**Task directions**
Only the pictures are to be dropped; return all other data below exactly.

**Dataset extract**
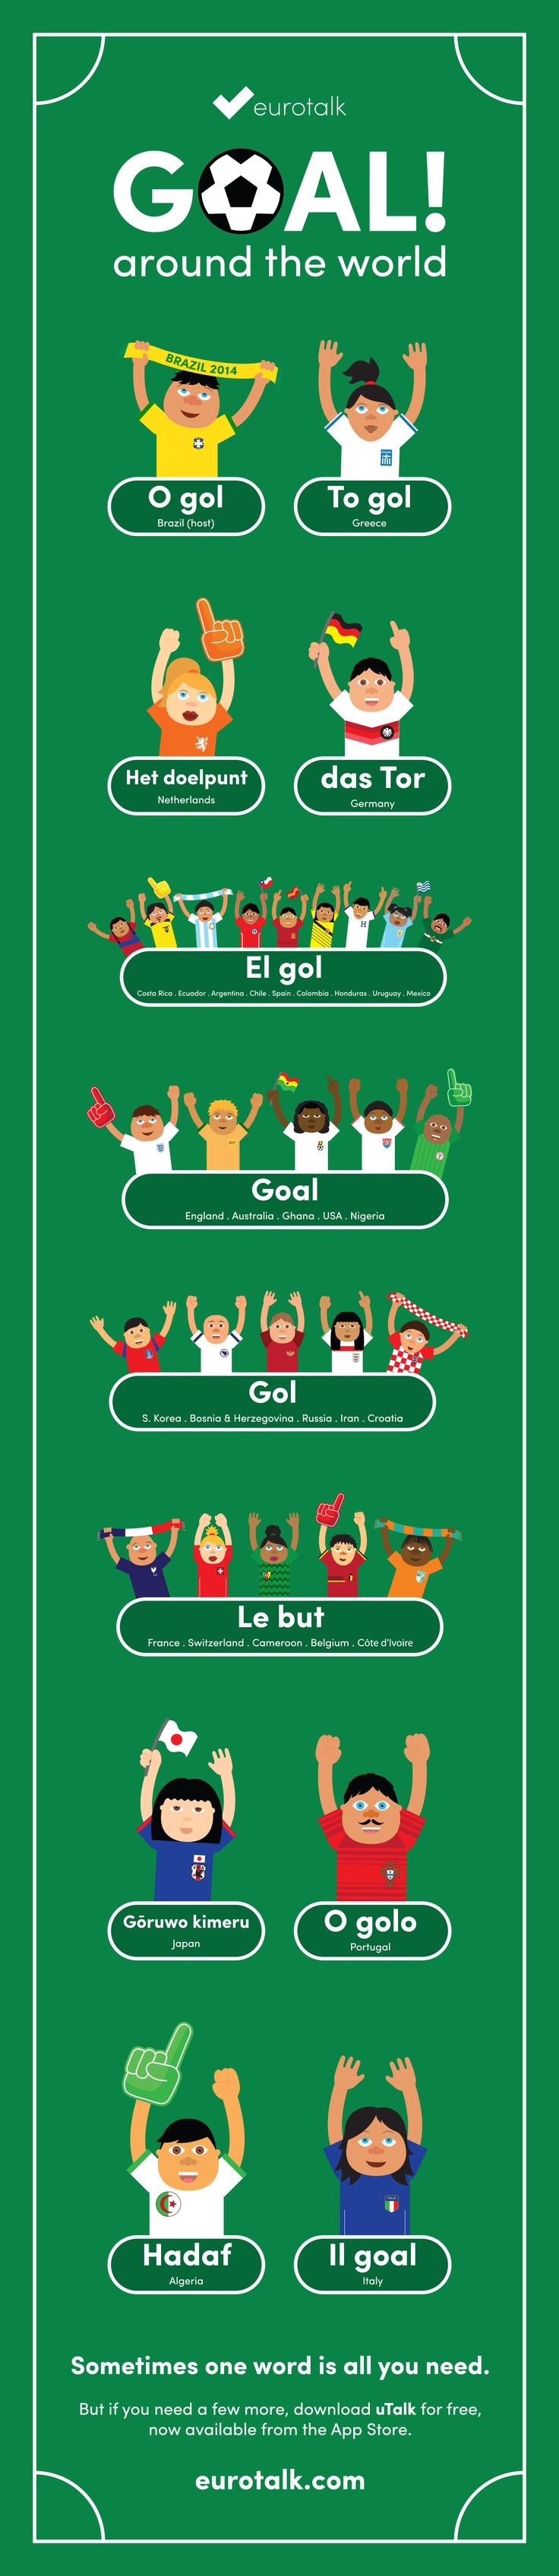 GOAL! Around the World  #Goal #Football #WorldCup2014 #Brasil
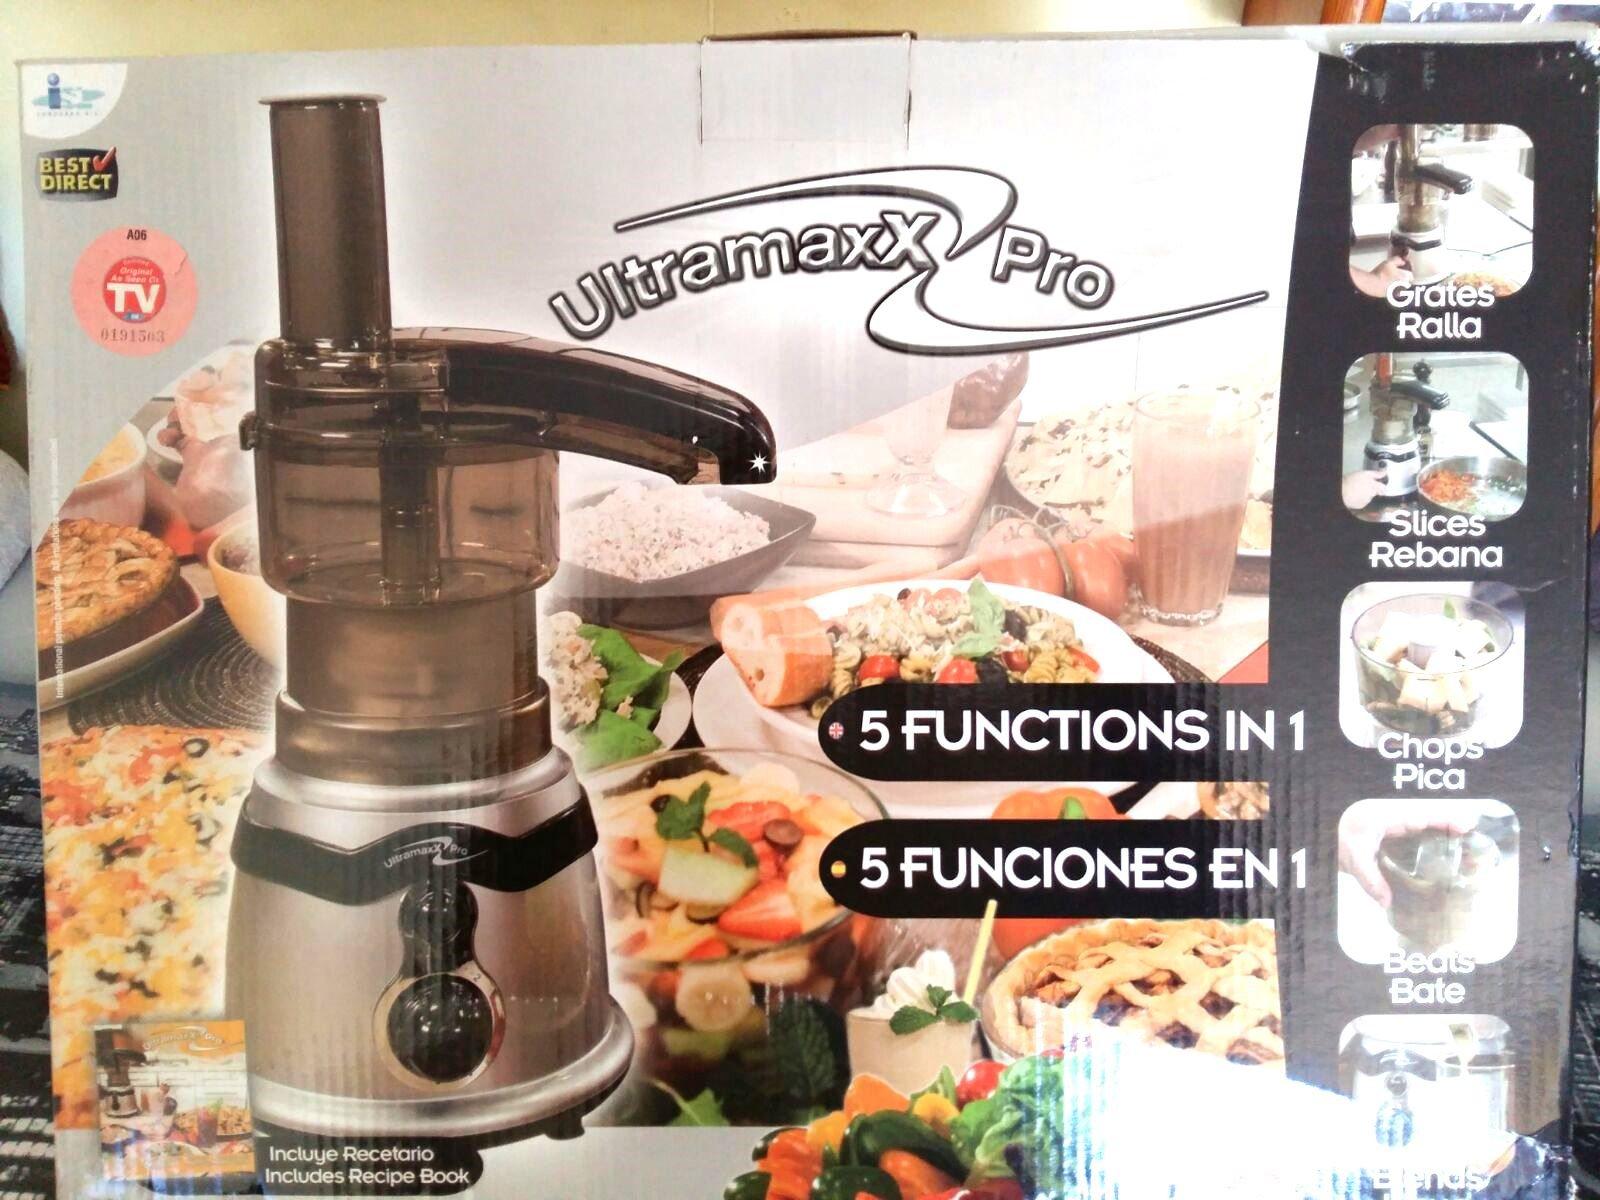 Ultramaxx Pro robot de cocina 5 funciones OFERTA: Amazon.es: Hogar
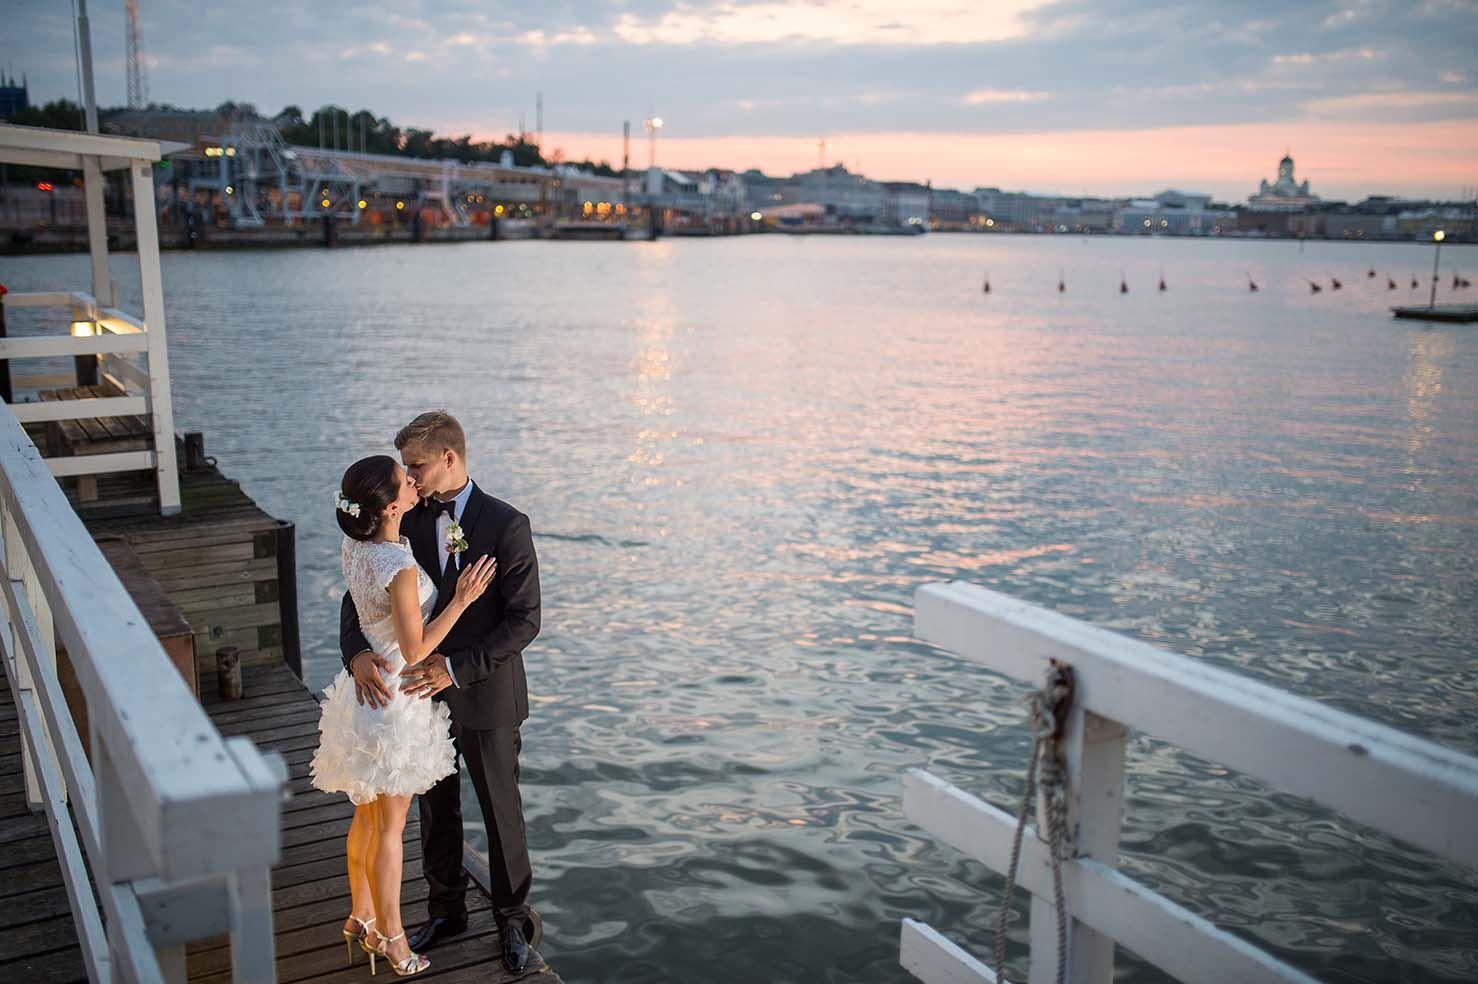 naimisiinmeno ulkomailla

**Solution for this problem**
 GOAL! Around the World  #Goal #Football #WorldCup2014 #Brasil
 Ultramaxx Pro robot de cocina 5 funciones OFERTA: Amazon.es: Hogar
 naimisiinmeno ulkomailla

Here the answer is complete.